Posteriormente, com a promulgação da Constituição Federal de 1988, o acesso à justiça foi positivado, em nosso ordenamento jurídico, como garantia fundamental, através do 5º, inciso XXXV, que dispõe:
Art. 5º Todos são iguais perante a lei, sem distinção de qualquer natureza, garantindo-se aos brasileiros e aos estrangeiros residentes no país a inviolabilidade do direito à vida, à liberdade, à igualdade, à segurança e à propriedade, nos termos seguintes:
XXXV - a lei não excluirá da apreciação do Poder Judiciário lesão ou ameaça a direito;
De igual modo, o Código de Processo Civil também prevê, em seu artigo 3º:
Art. 3º Não se excluirá da apreciação jurisdicional ameaça ou lesão a direito.
Note-se que o acesso à justiça está previsto na Constituição Federal, no rol dos direitos e garantias fundamentais. Com isso, a legislação brasileira garante o acesso à justiça a todo e qualquer indivíduo, sem qualquer distinção. O acesso à justiça caracteriza-se como direito fundamental garantido a todos.
Portanto, é garantido a toda pessoa que tiver seu direito ameaçado ou lesado, o acesso ao Poder Judiciário, a fim de obter a devida prestação jurisdicional e a satisfação do direito perseguido, em outras palavras, é o direito de ação junto ao Poder Judiciário, disponível a todos em busca de justiça para o caso concreto.
Em sentido mais amplo, entende-se que o acesso à justiça deve garantir às partes de cada caso concreto uma entrega jurisdicional equânime, de modo a se oferecer justiça com efetividade, seja por meio de composição ou de uma sentença de mérito.
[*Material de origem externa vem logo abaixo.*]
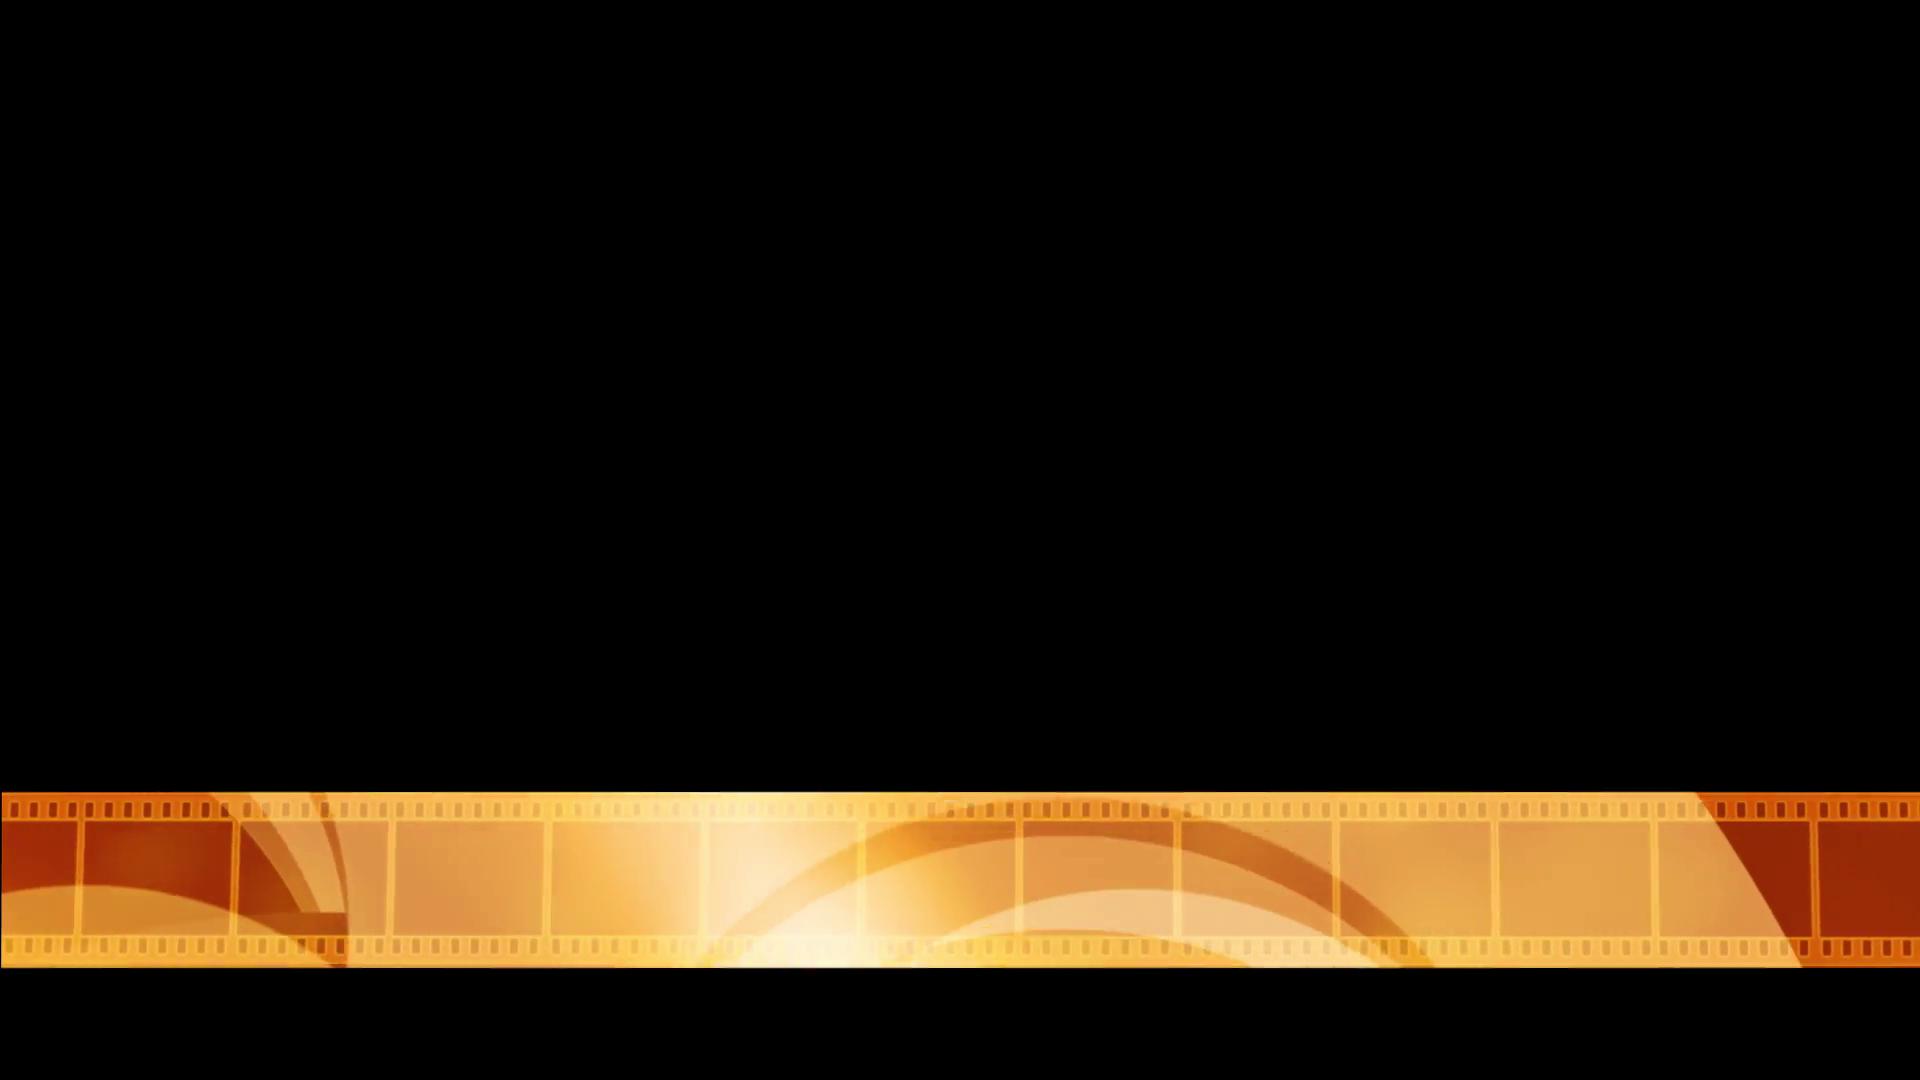 Golden Reel Lower Third Stock Video Footage Videoblocks

A garantia de acesso à justiça é imprescindível em nossa sociedade, sendo imperiosa e indispensável para que haja a efetivação dos demais direitos, sejam eles fundamentais ou não, em outras palavras, é somente através do acesso à justiça que se alcança a satisfação de um direito ameaçado ou violado.
Desta forma, não deve haver qualquer impedimento ao acesso à Justiça, sendo obrigação do Estado viabilizar tal acesso a todos, sem qualquer distinção.
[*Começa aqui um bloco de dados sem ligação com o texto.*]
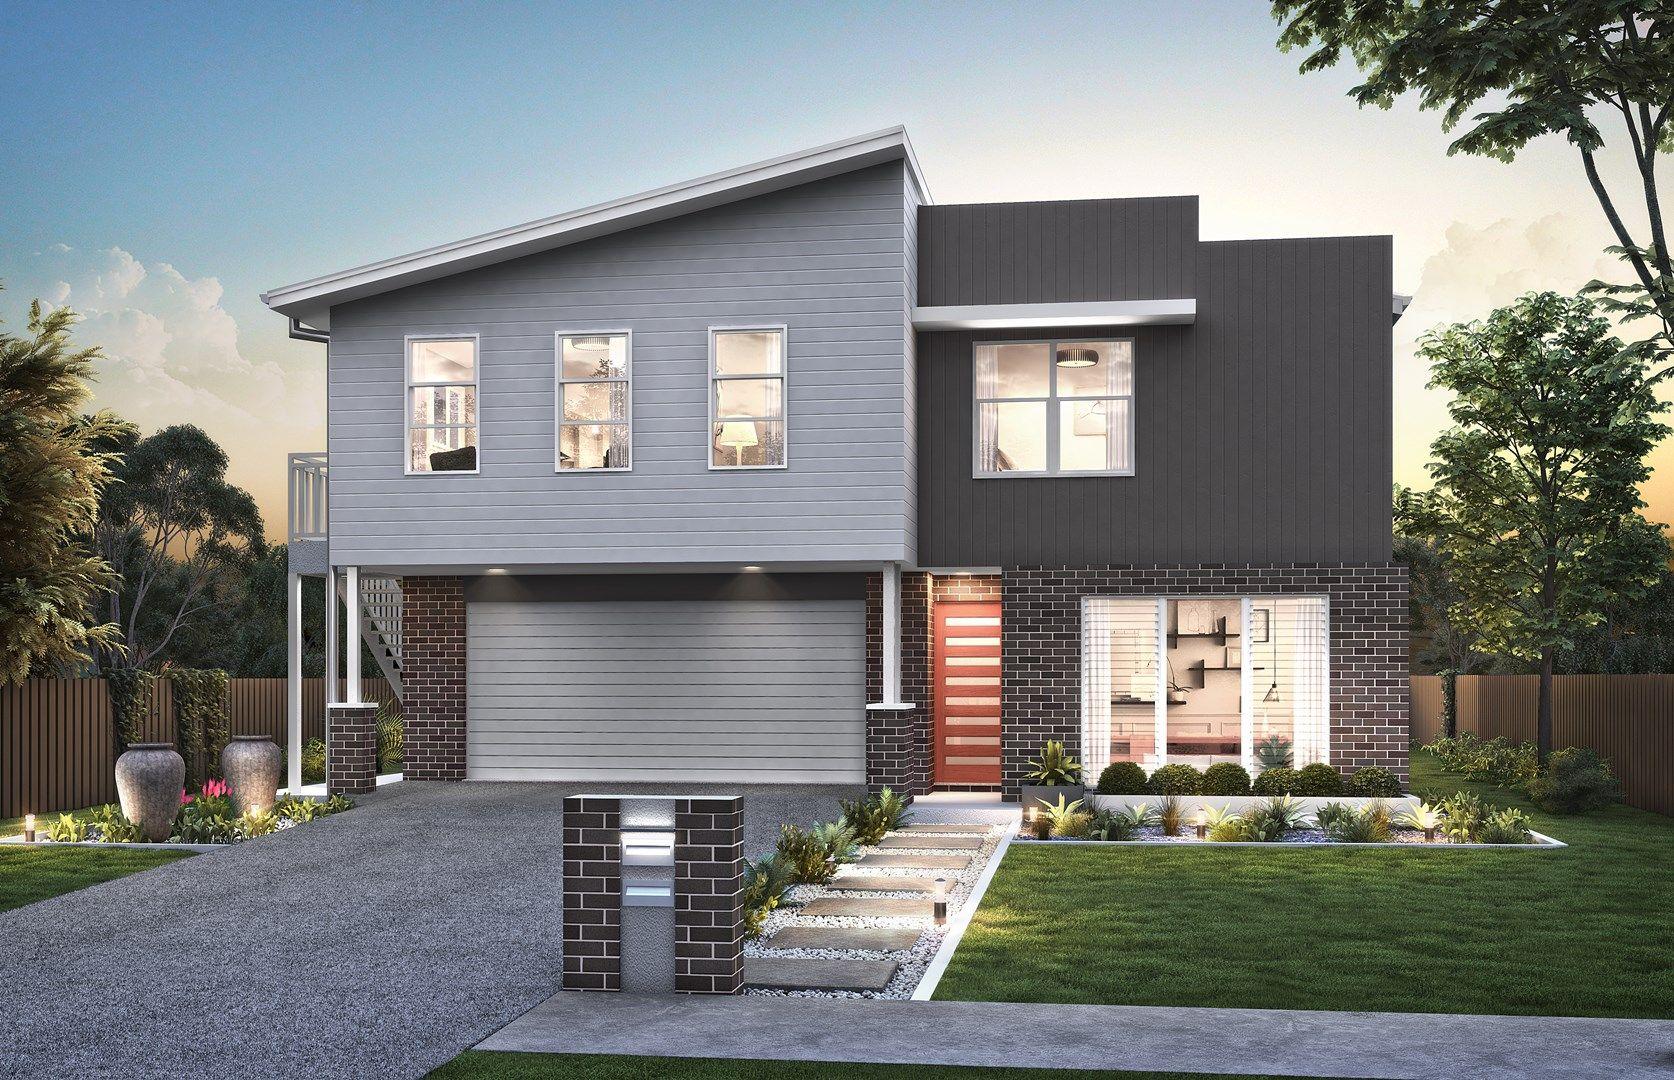 99 - 117 Alawoona Street, Redbank Plains QLD 4301, Image 2

Nossa legislação passou por diversas modificações ao longo dos anos, com o fito de conceder e facilitar o acesso à justiça, para que mais pessoas pudessem usufruir de tal garantia.
Após a positivação do acesso à justiça, conferido a este status de garantia fundamental constitucional, tornou-se necessária uma ampliação e especialização do Poder Judiciário. Nesse sentido, criou-se a Lei nº 8.078, de 11 de setembro de 1990 – o Código de Defesa do Consumidor, que tem por finalidade regular as relações de consumo, reprimir e corrigir o fornecedor de produtos e serviços por práticas abusivas, falta de transparência, má prestação de serviços, lesão ao direito do consumidor entre outros.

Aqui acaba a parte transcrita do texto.